3) You eat out too much. Dude, I know the woman of today does not consider the kitchen her turf, but honestly. Even if your college years only taught you to drink or watch television, there is no reason not to learn the art of putting together a measly pasta prepared jar dish. I can’t believe so many women are so ill-prepared to work a stove (or stove top). What the hell? And I’ve never seen so many who eat out regularly. Today’s woman considers it her prerogative to enjoy the “fine” cuisine created by other hands. Laziness sets in and the kitchen seems a formidable obstacle to a life of complacent enjoyment. You just want to feed that mouth and you revel in tastes and salt and sugars and other oddball flavors that really meet no nutritionally redeeming qualities. Even when you can’ afford it, or shouldn’t, you still run out and throw your hard-earned dollar (which was better spent on that HGTV project) toward some elitist restaurant that really does nothing special or well but which all your girlfriends proclaim is the BEST. So you run out and hit that restaurant up and spend all your money and talk and congregate and eat when you should just be eating something simple and home-prepared.
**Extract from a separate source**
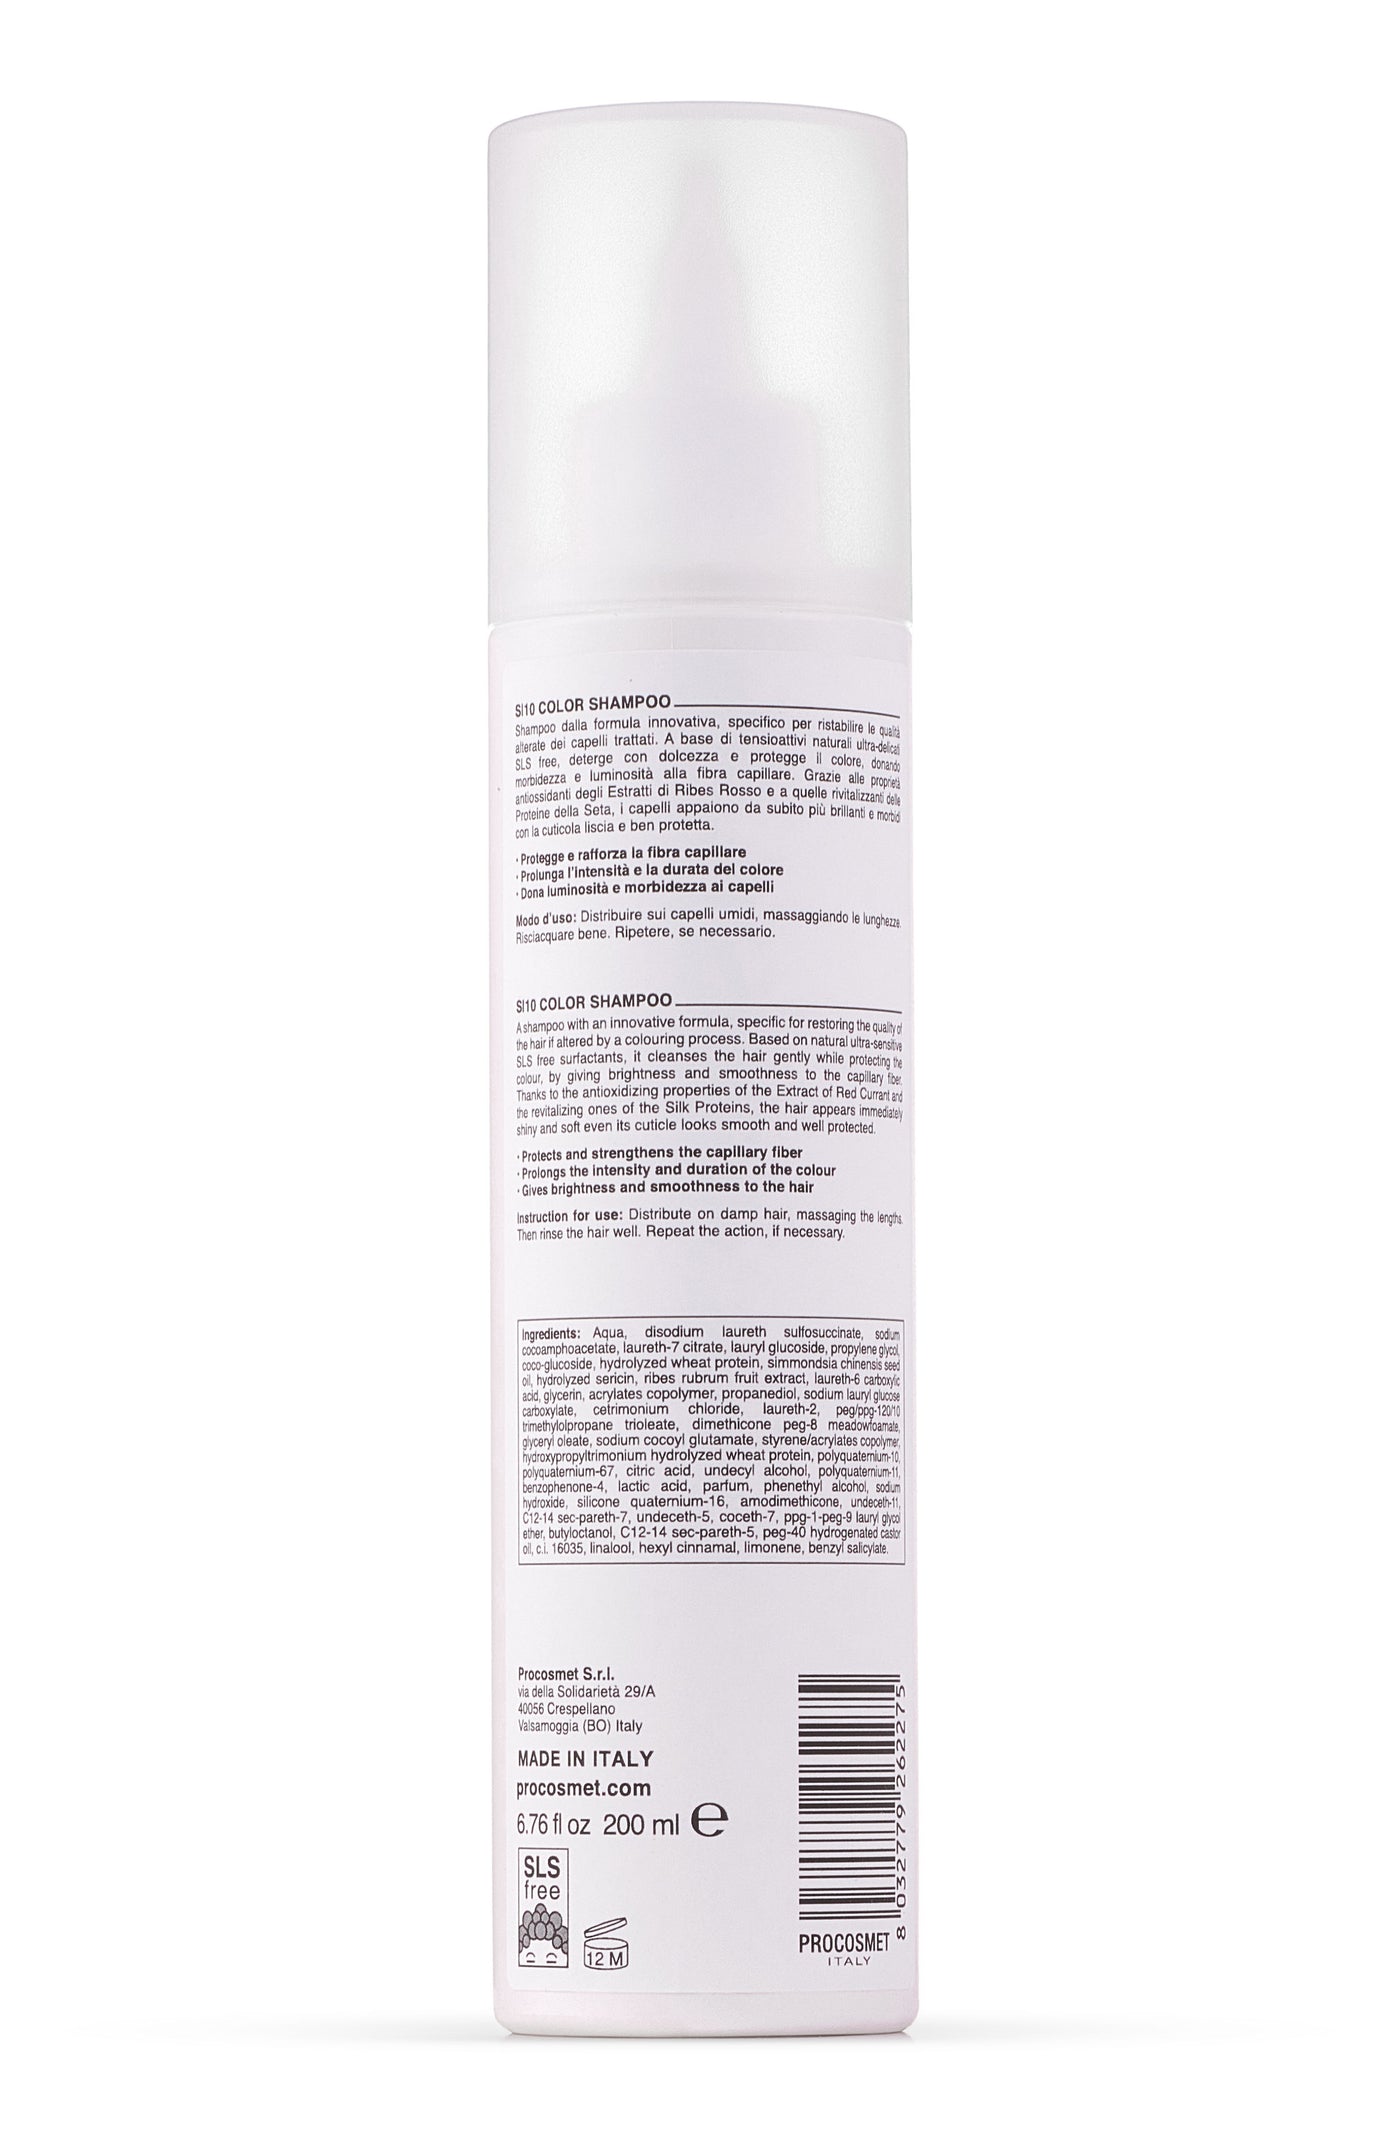 NAPURA S10 (6.76 fl oz) Professional Shampoo for Color Treated Hair

Life is simple if you just eat like that. Eating out makes it incredibly difficult to monitor your consumption. And sweetheart…hate to break it to you. But you must monitor. You must work to eat healthy. You can’t have an average body composition in this day and age just by accident. It takes work to fight the rising tide of gluttonous disease.

 

Eating healthy is not about eating an apple and banana on that rare day you feel healthy.
Eating healthy is not eating some stinky salad redolent of feta cheese and olives.
Eating healthy is a habit. Much like watching “Dancing With The Stars” or getting your nails done. Eating healthy is you. Not something.